Even now, no one can explain exactly why Sterling – who had no risk factors – ended up with a brain aneurysm. What is known, however, is that Dr. Ludwig, of the Clinical Neuroscience Institute, was there to help provide Sterling with the comfort and care she needed.

Sterling says that once she was admitted to MVH, many of her family members came from within a few hours away to see her. She said Dr. Ludwig was helpful and honest in answering questions she and her family had about surgery and possible risks involved. 

“I was very well informed before making a decision to have the coiling done. I had the coiling surgery, which is platinum coils put in through my artery,” Sterling says. “It was scary, but Dr. Ludwig answered all my questions. He really was the one that made me feel confident to go into surgery and come out OK. I had full trust in him.”

The surgery took place two days after Sterling was first admitted to MVH, and she was discharged the next day.

Sterling knew that even after having the surgery, there was a possibility that her symptoms would not go away. That concern became all too real for her when for the first couple days following the surgery she had a severe headache.

“I felt like my head was going to explode. I couldn't sit up for two days,” she says. “I had double vision, too, so I actually went from just those disturbances to having double vision constantly, which meant for three months I was unable to drive.”

Dr. Ludwig prescribed Sterling with an anti-inflammatory to help ease the swelling in her head, which in turn lessened the headache. After a week of recovery, the headache was gone, but the double vision and eye drooping remained for about three months.
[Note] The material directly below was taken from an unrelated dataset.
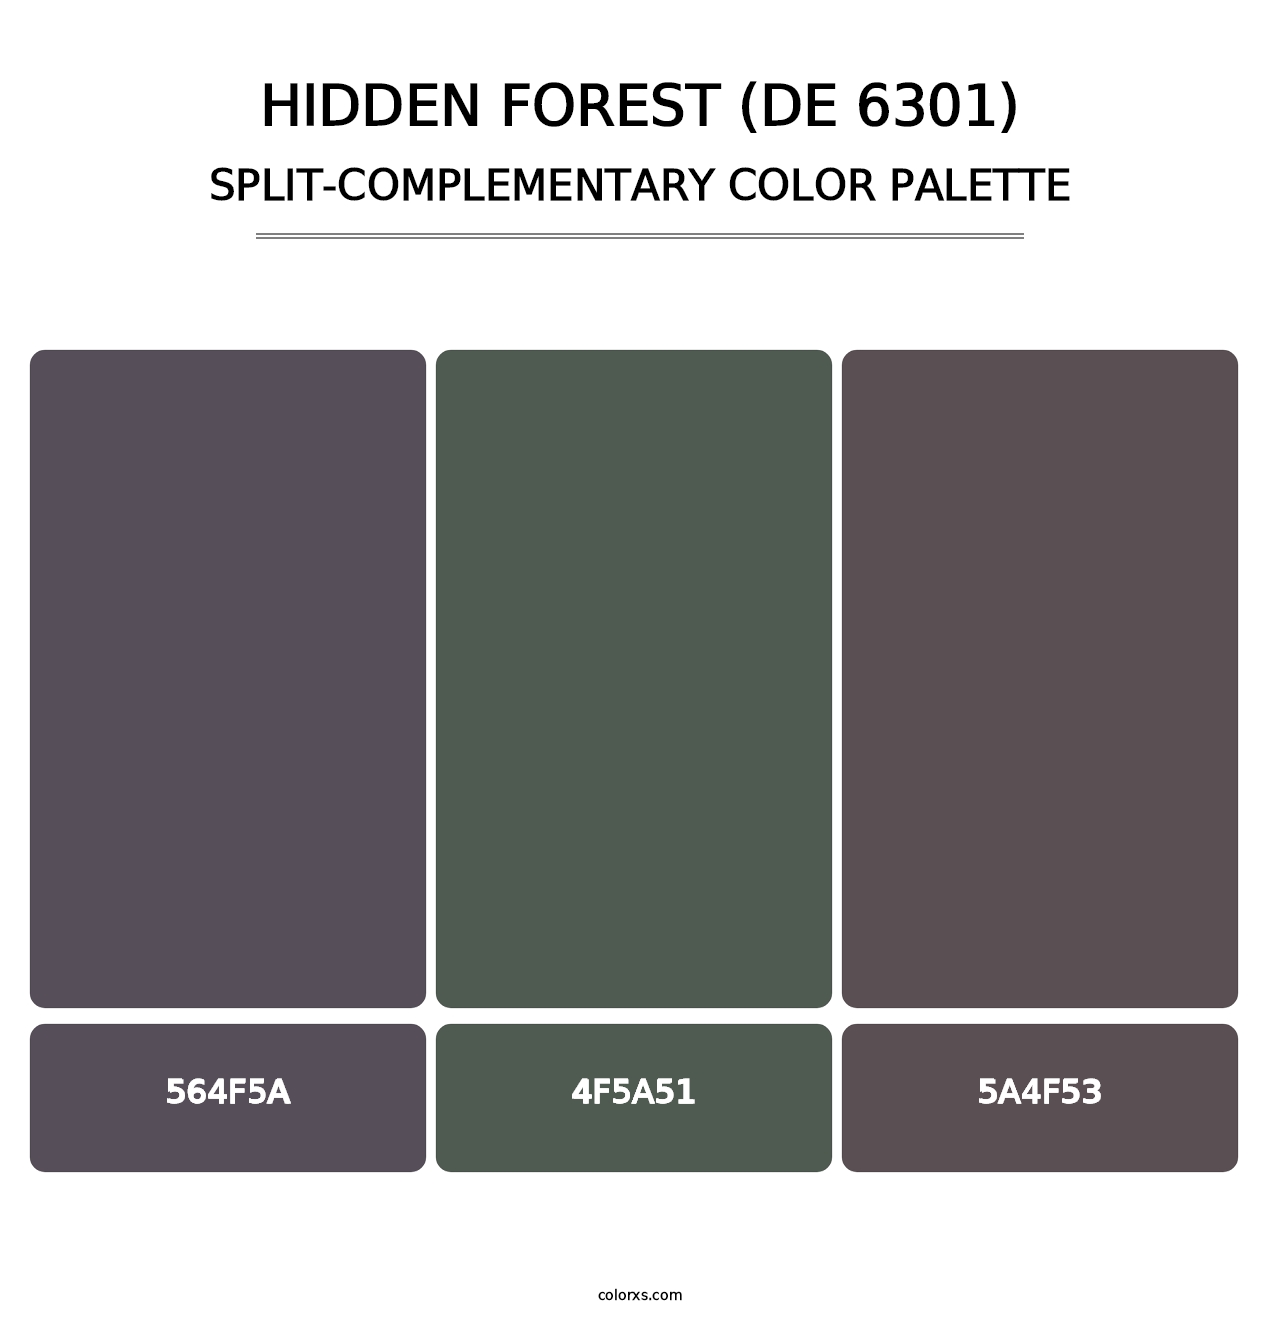 Hidden Forest (DE 6301) - Split-Complementary Color Palette

“I relied completely on my husband to take me everywhere, even to the grocery store to get milk,” Sterling says. “I felt like my independence was taken away. … It was affecting my everyday life.”

But eventually, little-by-little and day-by-day, Sterling's vision improved, the swelling of her eye improved, and her eye stopped drooping. The only lingering symptoms she now has is chronic fatigue, which she manages with a once-daily medication.

“Thank goodness that the aneurysm shrunk enough to kind of get off that nerve, and it resolved everything,” Sterling says. “I was very fortunate to have the swelling go down, and over time my symptoms got better. I was very thankful.”

In August 2016 Sterling had a follow up appointment during which a small bleed was again found with the aneurysm. She had a second coiling procedure done and had no complications or follow up symptoms. 

Sterling will visit Dr. Ludwig again in February for a repeat magnetic resonance angiography (MRA), which is a type of MRI that looks specifically at the body's blood vessels.

Though Sterling says she's learned that brain aneurysms typically run in family, this type of aneurysm is not present in her family medical history. She's also learned that because her aneurysm doesn't seem to be genetic, her daughter is not at an increased risk.

Looking back, Sterling is thankful for the care Dr. Ludwig provided and the time he took to explain things to her and her family. 

She is also thankful that she was determined in her mission to find out what was causing all her symptoms.

“You know your body better than anybody. That's why I just kept going back and saying, 'Something's not right. I don't feel right. It's not normal. It's not my migraines. I know what migraines are, and this is way different,'” she says. “Just be very persistent. Don't ignore things like this because you never know. I would have never thought that it would have been a brain aneurysm at the age of 35 when I was diagnosed.”